Your Halloween Candy is a Delicious Environmental Nightmare

In the early 2000s, our biggest worries were if our coca-cola lip smackers ACTUALLY tasted like coke, if our mom’s cleaned our juicy couture set, and that someone may be using our halloween candy to harm us. We used to worry that inside our snickers and twix would be glass or rat poison– at least our mothers did. But today, the worry goes a step further, to the outer layer: the wrapper.

We’re banning the straws and the plastic bags, but all those mini candy bars will be littering streets and homes worse than any leaf pile. It is estimated that Americans will spend about $2.6 billion on Halloween candy (2019), which roughly equals 600 million pounds (3.5 per person), and out of all this about $400 million of that candy goes to waste. 

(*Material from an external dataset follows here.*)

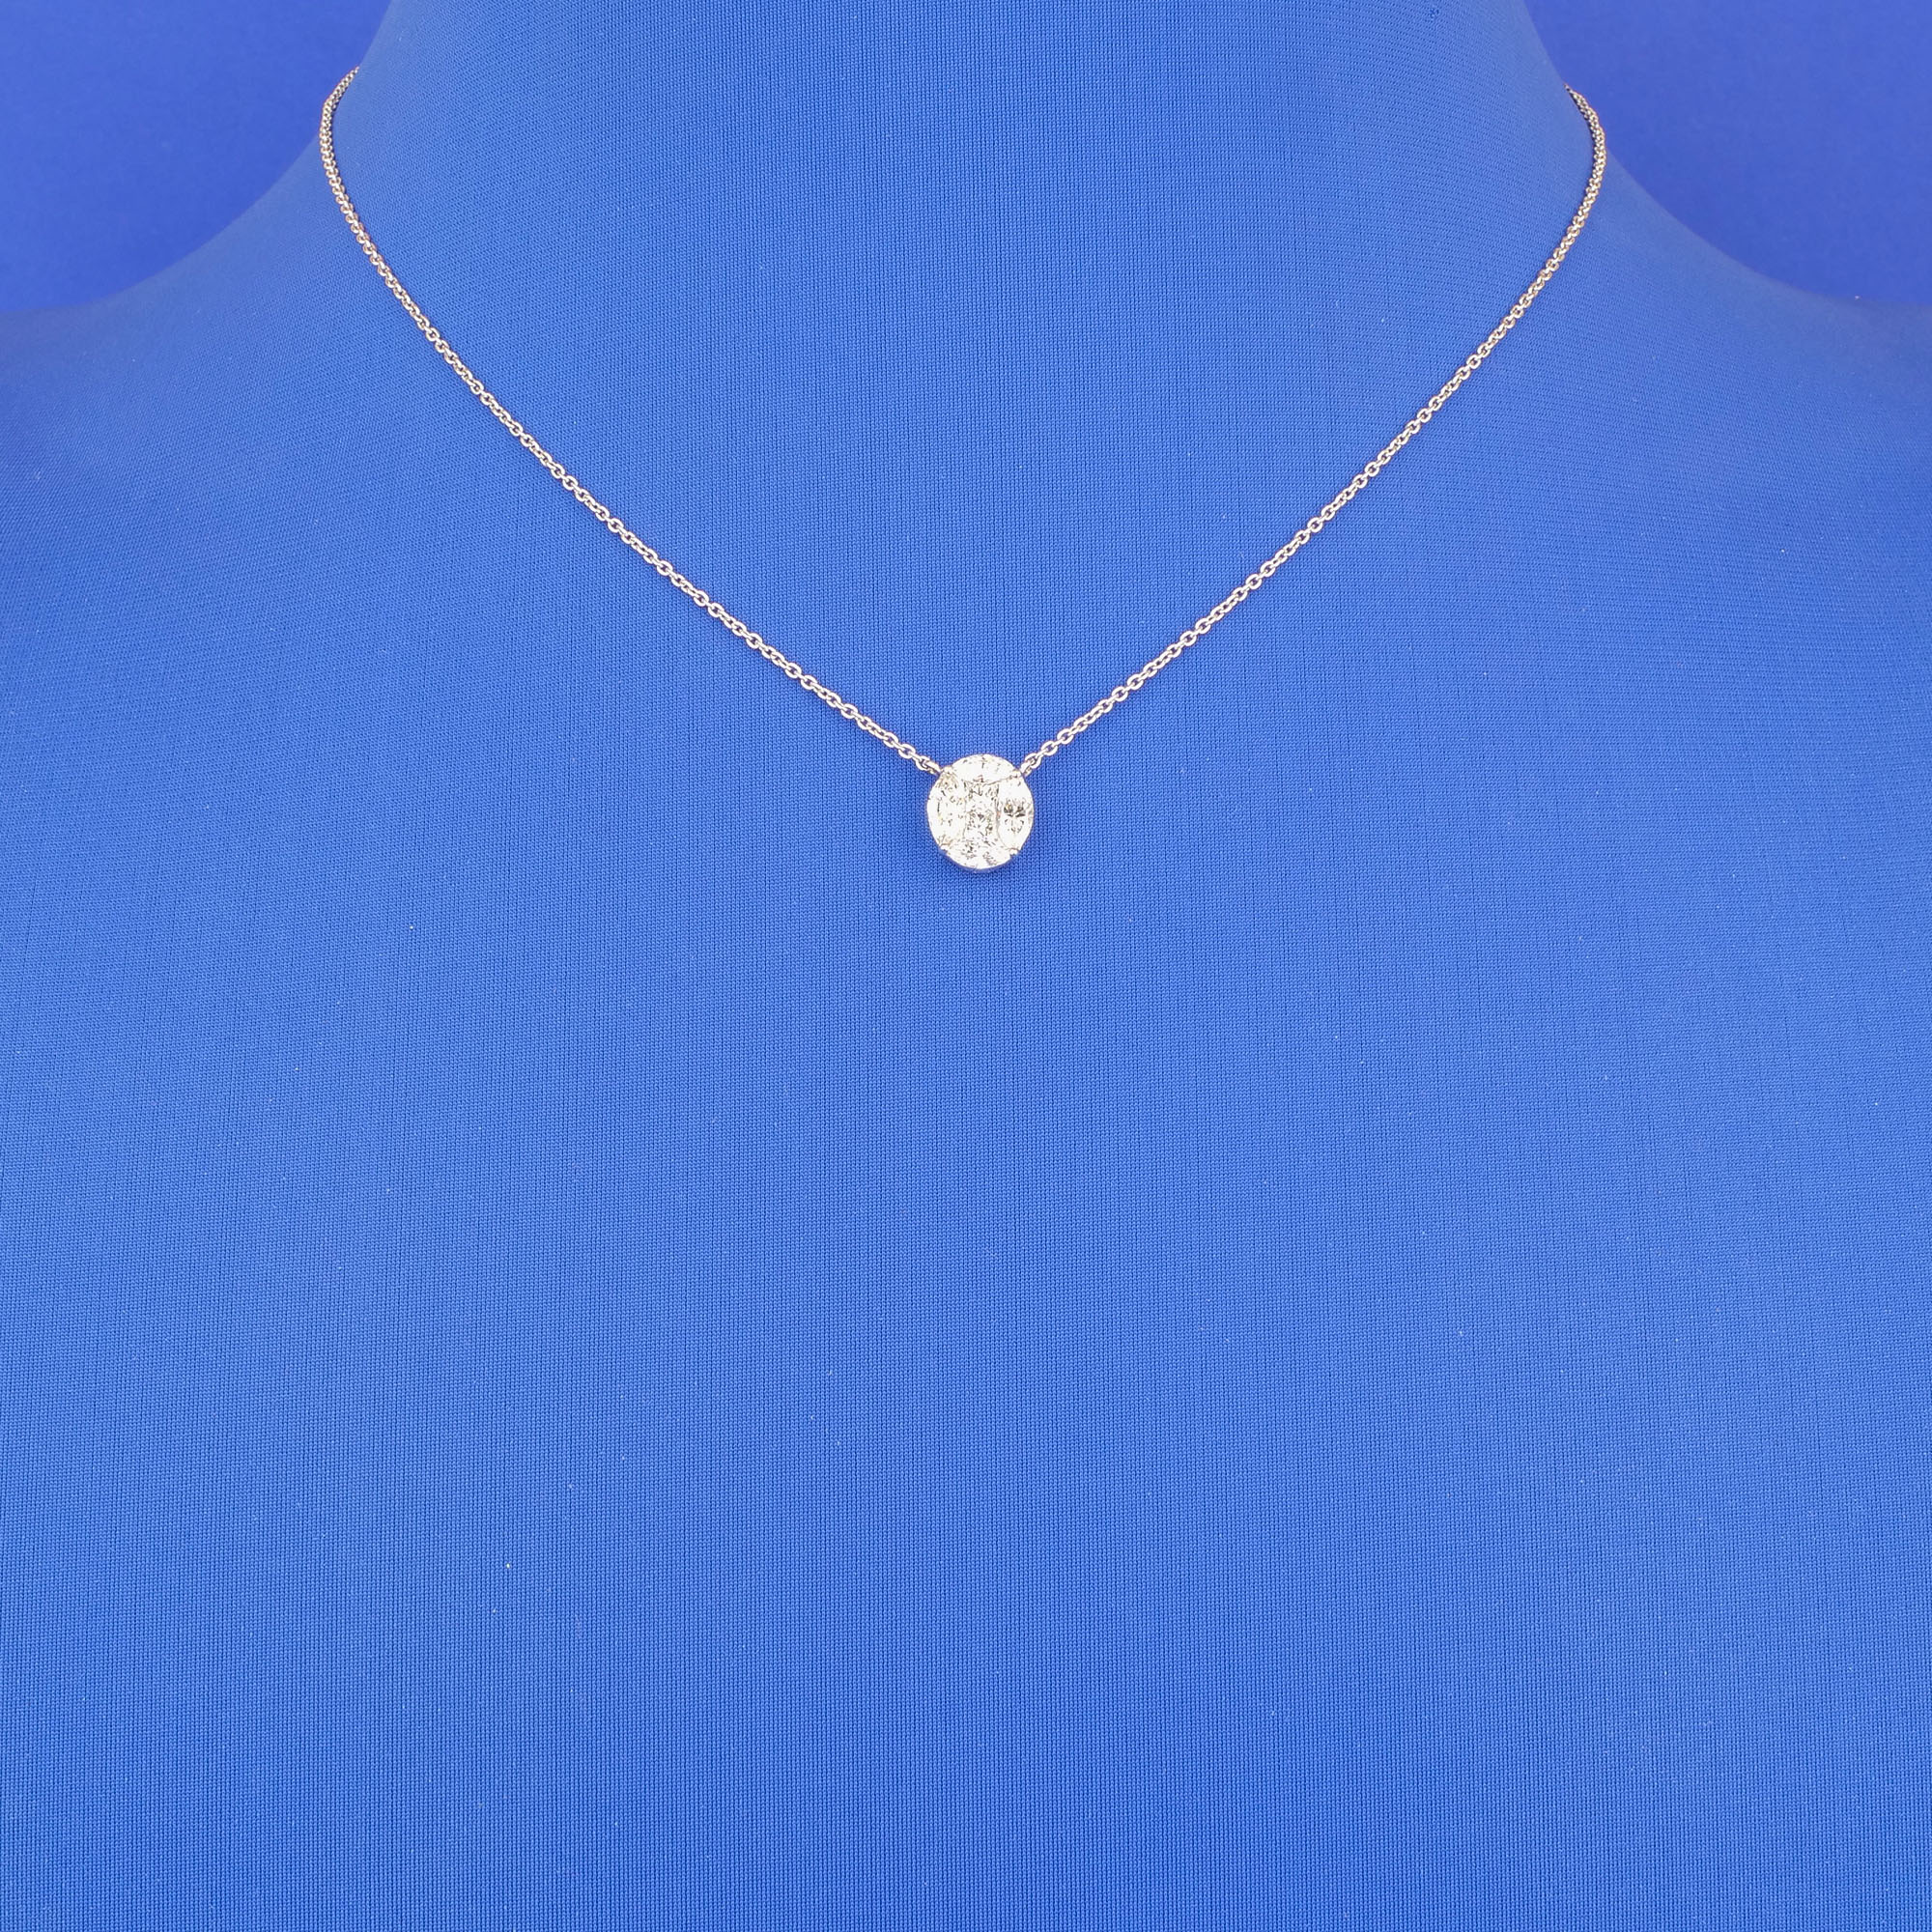 18K WG Diamond Necklace
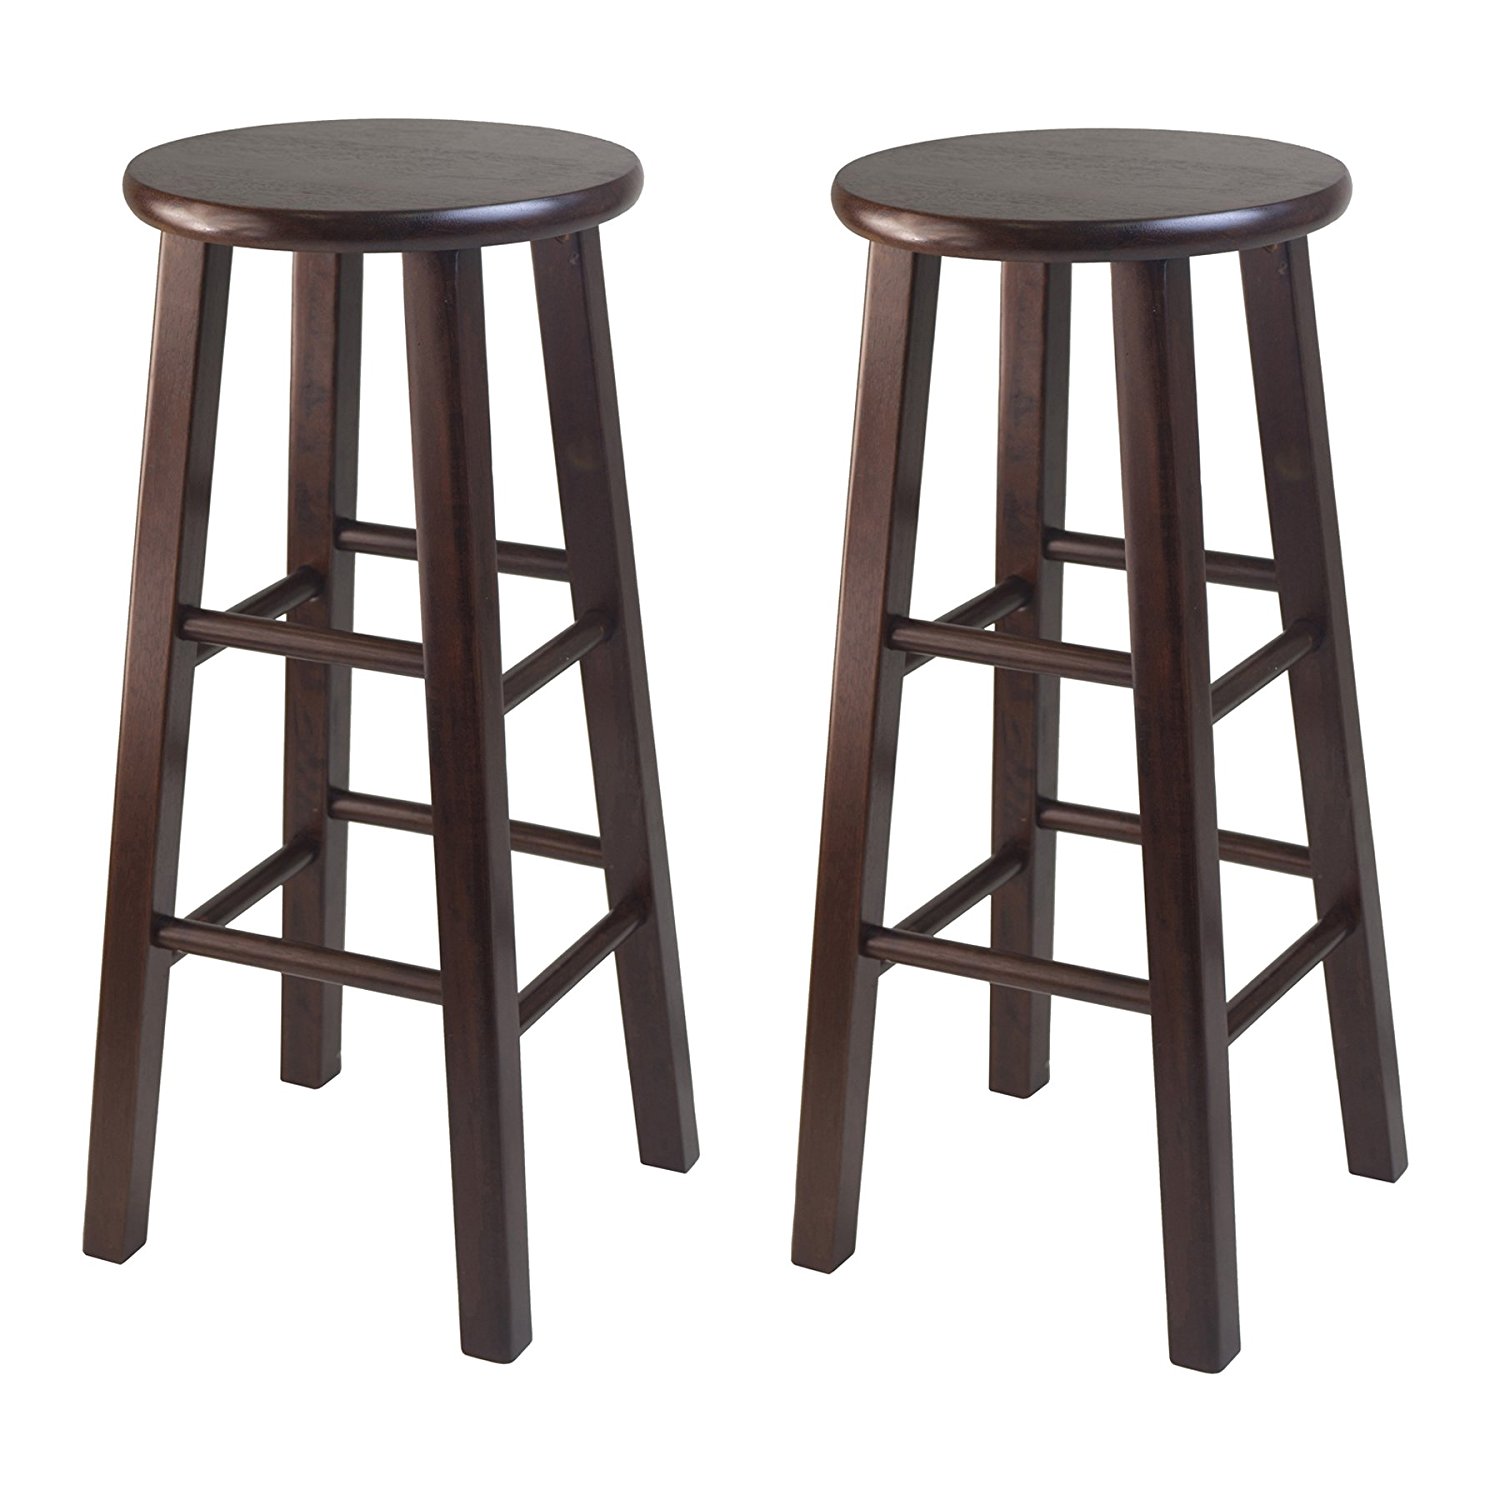 wood bar stools amazon.com: winsome 29-inch square leg bar stool, antique walnut, set of 2: SRYRJFA

But the real nightmare is not how much candy we consume (because who can deny us that chocolatey goodness) but how much waste it creates.

Really think about the Halloween candy aisle of your local Target, drugstore, CVS, Walmart, etc and consider all that plastic. You see, candy is wrapped in a plastic/aluminum blend which is almost impossible to recycle. And even if we COULD, the small size of wrappers makes it very difficult to physically recycle at the plant and also is just not worth the trouble of recycling (economically)– meaning most of those candy wrappers end up in the landfill.

The (small, temporary) solution? Look for foil wrapped (hershey’s) or paper boxed (dots) treats as an easy solution. Or of course you can always be one of those “fruit is nature’s candy” type moms. Those candy corns aren’t looking so bad anymore, are they?